START Available records

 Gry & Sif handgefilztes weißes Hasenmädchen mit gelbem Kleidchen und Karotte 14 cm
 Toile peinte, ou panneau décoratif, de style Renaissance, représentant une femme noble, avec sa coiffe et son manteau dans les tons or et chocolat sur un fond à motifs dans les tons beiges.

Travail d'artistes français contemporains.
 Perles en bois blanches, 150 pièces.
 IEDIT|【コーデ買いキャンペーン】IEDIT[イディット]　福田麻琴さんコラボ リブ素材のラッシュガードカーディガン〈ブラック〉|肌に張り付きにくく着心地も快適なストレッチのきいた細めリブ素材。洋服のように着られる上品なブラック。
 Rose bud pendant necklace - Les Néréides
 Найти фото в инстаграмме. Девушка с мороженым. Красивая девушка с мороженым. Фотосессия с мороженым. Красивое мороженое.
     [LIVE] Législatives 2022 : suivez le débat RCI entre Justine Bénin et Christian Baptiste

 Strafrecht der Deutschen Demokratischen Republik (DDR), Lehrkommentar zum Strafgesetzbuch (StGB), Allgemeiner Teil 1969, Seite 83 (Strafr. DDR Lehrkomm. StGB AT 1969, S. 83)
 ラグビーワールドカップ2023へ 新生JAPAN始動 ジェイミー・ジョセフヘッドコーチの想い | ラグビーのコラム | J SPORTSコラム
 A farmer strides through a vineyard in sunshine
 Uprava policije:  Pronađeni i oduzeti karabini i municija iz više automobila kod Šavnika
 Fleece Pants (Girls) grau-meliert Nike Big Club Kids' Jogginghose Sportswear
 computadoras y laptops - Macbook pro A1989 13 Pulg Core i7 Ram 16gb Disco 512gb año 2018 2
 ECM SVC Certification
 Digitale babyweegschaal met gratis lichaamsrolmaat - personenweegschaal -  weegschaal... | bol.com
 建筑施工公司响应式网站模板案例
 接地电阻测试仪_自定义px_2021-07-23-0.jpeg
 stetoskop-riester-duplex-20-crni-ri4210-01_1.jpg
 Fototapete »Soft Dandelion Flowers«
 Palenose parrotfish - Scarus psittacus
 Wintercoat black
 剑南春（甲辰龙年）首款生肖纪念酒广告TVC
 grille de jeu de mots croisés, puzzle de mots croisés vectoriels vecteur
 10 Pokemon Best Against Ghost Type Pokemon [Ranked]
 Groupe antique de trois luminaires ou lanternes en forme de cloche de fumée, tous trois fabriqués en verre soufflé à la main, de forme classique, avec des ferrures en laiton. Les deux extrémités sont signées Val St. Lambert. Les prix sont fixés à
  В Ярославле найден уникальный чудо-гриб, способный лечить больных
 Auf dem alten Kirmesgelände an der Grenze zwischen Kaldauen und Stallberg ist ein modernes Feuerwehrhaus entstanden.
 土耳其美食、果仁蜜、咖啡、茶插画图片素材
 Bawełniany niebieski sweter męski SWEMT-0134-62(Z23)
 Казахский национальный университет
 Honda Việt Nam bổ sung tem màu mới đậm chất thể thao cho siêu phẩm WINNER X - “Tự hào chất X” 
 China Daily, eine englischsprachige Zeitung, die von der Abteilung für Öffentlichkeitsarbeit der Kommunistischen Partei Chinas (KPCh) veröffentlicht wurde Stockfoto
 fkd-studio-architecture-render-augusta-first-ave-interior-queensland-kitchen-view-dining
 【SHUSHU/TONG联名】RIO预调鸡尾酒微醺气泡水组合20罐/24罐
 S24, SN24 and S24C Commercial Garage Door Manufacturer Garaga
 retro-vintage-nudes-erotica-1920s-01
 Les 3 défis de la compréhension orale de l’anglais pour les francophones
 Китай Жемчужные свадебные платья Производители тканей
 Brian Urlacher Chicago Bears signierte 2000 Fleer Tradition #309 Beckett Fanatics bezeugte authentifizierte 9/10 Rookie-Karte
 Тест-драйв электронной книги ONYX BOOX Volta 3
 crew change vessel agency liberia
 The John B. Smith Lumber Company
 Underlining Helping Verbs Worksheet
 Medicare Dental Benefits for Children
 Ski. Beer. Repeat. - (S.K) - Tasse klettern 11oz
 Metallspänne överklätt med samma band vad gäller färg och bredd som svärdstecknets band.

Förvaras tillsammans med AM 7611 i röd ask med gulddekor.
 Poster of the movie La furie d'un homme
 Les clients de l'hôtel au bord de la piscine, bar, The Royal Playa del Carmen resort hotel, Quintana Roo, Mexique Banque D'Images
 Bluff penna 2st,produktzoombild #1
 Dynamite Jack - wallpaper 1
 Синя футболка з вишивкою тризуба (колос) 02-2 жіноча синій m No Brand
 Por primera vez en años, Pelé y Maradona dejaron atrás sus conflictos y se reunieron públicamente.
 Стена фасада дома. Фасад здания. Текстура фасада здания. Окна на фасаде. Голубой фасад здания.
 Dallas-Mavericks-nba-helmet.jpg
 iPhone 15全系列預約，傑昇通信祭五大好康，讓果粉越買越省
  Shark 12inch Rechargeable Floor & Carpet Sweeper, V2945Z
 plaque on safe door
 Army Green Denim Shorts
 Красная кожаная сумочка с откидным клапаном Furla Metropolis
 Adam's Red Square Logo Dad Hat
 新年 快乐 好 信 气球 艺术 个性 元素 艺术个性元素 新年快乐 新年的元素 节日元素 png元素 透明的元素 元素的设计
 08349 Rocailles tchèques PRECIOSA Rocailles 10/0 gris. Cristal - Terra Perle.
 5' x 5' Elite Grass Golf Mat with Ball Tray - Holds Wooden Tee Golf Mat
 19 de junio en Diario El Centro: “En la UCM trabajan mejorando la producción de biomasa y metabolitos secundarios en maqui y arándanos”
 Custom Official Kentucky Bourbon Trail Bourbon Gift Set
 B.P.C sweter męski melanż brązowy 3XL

END Available records

**Requirement**
Look above for every line with the word "avec" and copy it.

**Response box**
 Toile peinte, ou panneau décoratif, de style Renaissance, représentant une femme noble, avec sa coiffe et son manteau dans les tons or et chocolat sur un fond à motifs dans les tons beiges.
 Groupe antique de trois luminaires ou lanternes en forme de cloche de fumée, tous trois fabriqués en verre soufflé à la main, de forme classique, avec des ferrures en laiton. Les deux extrémités sont signées Val St. Lambert. Les prix sont fixés à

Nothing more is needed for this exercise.